BEGIN

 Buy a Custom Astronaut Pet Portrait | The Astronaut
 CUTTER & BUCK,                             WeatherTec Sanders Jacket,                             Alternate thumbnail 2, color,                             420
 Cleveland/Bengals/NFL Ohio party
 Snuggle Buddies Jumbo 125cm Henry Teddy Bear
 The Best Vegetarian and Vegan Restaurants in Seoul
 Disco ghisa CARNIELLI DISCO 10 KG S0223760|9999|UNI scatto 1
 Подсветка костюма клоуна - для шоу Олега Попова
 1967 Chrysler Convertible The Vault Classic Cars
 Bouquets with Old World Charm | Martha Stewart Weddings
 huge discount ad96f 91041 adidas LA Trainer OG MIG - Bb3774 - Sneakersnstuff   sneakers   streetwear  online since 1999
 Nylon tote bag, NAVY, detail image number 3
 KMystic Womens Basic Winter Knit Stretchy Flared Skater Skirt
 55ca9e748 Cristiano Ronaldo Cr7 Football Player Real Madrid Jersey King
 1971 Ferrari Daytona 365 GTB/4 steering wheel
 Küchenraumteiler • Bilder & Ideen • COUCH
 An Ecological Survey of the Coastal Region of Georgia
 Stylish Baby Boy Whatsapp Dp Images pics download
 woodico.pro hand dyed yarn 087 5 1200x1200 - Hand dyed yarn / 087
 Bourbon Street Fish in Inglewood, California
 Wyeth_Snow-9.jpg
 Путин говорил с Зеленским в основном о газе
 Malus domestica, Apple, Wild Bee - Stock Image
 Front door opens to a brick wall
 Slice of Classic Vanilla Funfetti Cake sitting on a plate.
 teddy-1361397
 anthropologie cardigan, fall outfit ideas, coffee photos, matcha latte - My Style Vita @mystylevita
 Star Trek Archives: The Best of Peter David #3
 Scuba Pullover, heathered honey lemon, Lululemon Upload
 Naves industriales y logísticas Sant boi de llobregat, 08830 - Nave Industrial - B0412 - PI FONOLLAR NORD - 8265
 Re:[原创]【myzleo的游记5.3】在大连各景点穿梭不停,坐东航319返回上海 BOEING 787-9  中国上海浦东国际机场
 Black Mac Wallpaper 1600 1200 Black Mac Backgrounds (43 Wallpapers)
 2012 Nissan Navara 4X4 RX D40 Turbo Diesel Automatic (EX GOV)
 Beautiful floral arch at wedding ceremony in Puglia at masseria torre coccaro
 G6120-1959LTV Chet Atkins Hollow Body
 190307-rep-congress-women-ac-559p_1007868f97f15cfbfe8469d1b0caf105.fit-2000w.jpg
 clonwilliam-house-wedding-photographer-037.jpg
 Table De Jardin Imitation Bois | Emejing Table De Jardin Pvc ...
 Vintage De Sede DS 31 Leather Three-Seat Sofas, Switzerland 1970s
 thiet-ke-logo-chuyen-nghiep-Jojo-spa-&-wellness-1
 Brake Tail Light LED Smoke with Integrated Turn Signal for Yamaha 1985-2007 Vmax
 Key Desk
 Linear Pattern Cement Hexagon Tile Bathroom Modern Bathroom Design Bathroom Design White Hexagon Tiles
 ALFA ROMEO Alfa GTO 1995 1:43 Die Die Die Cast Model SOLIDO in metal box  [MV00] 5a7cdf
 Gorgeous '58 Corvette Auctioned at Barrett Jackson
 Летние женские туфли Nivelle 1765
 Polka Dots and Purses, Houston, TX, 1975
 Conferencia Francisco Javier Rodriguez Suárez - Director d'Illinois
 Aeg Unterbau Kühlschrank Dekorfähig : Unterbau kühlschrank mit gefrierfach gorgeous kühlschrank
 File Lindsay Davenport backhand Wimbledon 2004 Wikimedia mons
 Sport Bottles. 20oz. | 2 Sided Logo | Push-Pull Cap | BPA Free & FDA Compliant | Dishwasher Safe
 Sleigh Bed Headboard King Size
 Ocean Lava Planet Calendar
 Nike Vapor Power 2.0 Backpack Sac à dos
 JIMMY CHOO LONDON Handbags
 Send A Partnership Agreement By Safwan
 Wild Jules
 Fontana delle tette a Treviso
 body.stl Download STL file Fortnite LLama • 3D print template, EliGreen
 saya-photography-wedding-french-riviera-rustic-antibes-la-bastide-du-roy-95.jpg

END

## PROBLEM DETAILS
Print out the complete data above, character for character.

## COMPLETED TASK
 Buy a Custom Astronaut Pet Portrait | The Astronaut
 CUTTER & BUCK,                             WeatherTec Sanders Jacket,                             Alternate thumbnail 2, color,                             420
 Cleveland/Bengals/NFL Ohio party
 Snuggle Buddies Jumbo 125cm Henry Teddy Bear
 The Best Vegetarian and Vegan Restaurants in Seoul
 Disco ghisa CARNIELLI DISCO 10 KG S0223760|9999|UNI scatto 1
 Подсветка костюма клоуна - для шоу Олега Попова
 1967 Chrysler Convertible The Vault Classic Cars
 Bouquets with Old World Charm | Martha Stewart Weddings
 huge discount ad96f 91041 adidas LA Trainer OG MIG - Bb3774 - Sneakersnstuff   sneakers   streetwear  online since 1999
 Nylon tote bag, NAVY, detail image number 3
 KMystic Womens Basic Winter Knit Stretchy Flared Skater Skirt
 55ca9e748 Cristiano Ronaldo Cr7 Football Player Real Madrid Jersey King
 1971 Ferrari Daytona 365 GTB/4 steering wheel
 Küchenraumteiler • Bilder & Ideen • COUCH
 An Ecological Survey of the Coastal Region of Georgia
 Stylish Baby Boy Whatsapp Dp Images pics download
 woodico.pro hand dyed yarn 087 5 1200x1200 - Hand dyed yarn / 087
 Bourbon Street Fish in Inglewood, California
 Wyeth_Snow-9.jpg
 Путин говорил с Зеленским в основном о газе
 Malus domestica, Apple, Wild Bee - Stock Image
 Front door opens to a brick wall
 Slice of Classic Vanilla Funfetti Cake sitting on a plate.
 teddy-1361397
 anthropologie cardigan, fall outfit ideas, coffee photos, matcha latte - My Style Vita @mystylevita
 Star Trek Archives: The Best of Peter David #3
 Scuba Pullover, heathered honey lemon, Lululemon Upload
 Naves industriales y logísticas Sant boi de llobregat, 08830 - Nave Industrial - B0412 - PI FONOLLAR NORD - 8265
 Re:[原创]【myzleo的游记5.3】在大连各景点穿梭不停,坐东航319返回上海 BOEING 787-9  中国上海浦东国际机场
 Black Mac Wallpaper 1600 1200 Black Mac Backgrounds (43 Wallpapers)
 2012 Nissan Navara 4X4 RX D40 Turbo Diesel Automatic (EX GOV)
 Beautiful floral arch at wedding ceremony in Puglia at masseria torre coccaro
 G6120-1959LTV Chet Atkins Hollow Body
 190307-rep-congress-women-ac-559p_1007868f97f15cfbfe8469d1b0caf105.fit-2000w.jpg
 clonwilliam-house-wedding-photographer-037.jpg
 Table De Jardin Imitation Bois | Emejing Table De Jardin Pvc ...
 Vintage De Sede DS 31 Leather Three-Seat Sofas, Switzerland 1970s
 thiet-ke-logo-chuyen-nghiep-Jojo-spa-&-wellness-1
 Brake Tail Light LED Smoke with Integrated Turn Signal for Yamaha 1985-2007 Vmax
 Key Desk
 Linear Pattern Cement Hexagon Tile Bathroom Modern Bathroom Design Bathroom Design White Hexagon Tiles
 ALFA ROMEO Alfa GTO 1995 1:43 Die Die Die Cast Model SOLIDO in metal box  [MV00] 5a7cdf
 Gorgeous '58 Corvette Auctioned at Barrett Jackson
 Летние женские туфли Nivelle 1765
 Polka Dots and Purses, Houston, TX, 1975
 Conferencia Francisco Javier Rodriguez Suárez - Director d'Illinois
 Aeg Unterbau Kühlschrank Dekorfähig : Unterbau kühlschrank mit gefrierfach gorgeous kühlschrank
 File Lindsay Davenport backhand Wimbledon 2004 Wikimedia mons
 Sport Bottles. 20oz. | 2 Sided Logo | Push-Pull Cap | BPA Free & FDA Compliant | Dishwasher Safe
 Sleigh Bed Headboard King Size
 Ocean Lava Planet Calendar
 Nike Vapor Power 2.0 Backpack Sac à dos
 JIMMY CHOO LONDON Handbags
 Send A Partnership Agreement By Safwan
 Wild Jules
 Fontana delle tette a Treviso
 body.stl Download STL file Fortnite LLama • 3D print template, EliGreen
 saya-photography-wedding-french-riviera-rustic-antibes-la-bastide-du-roy-95.jpg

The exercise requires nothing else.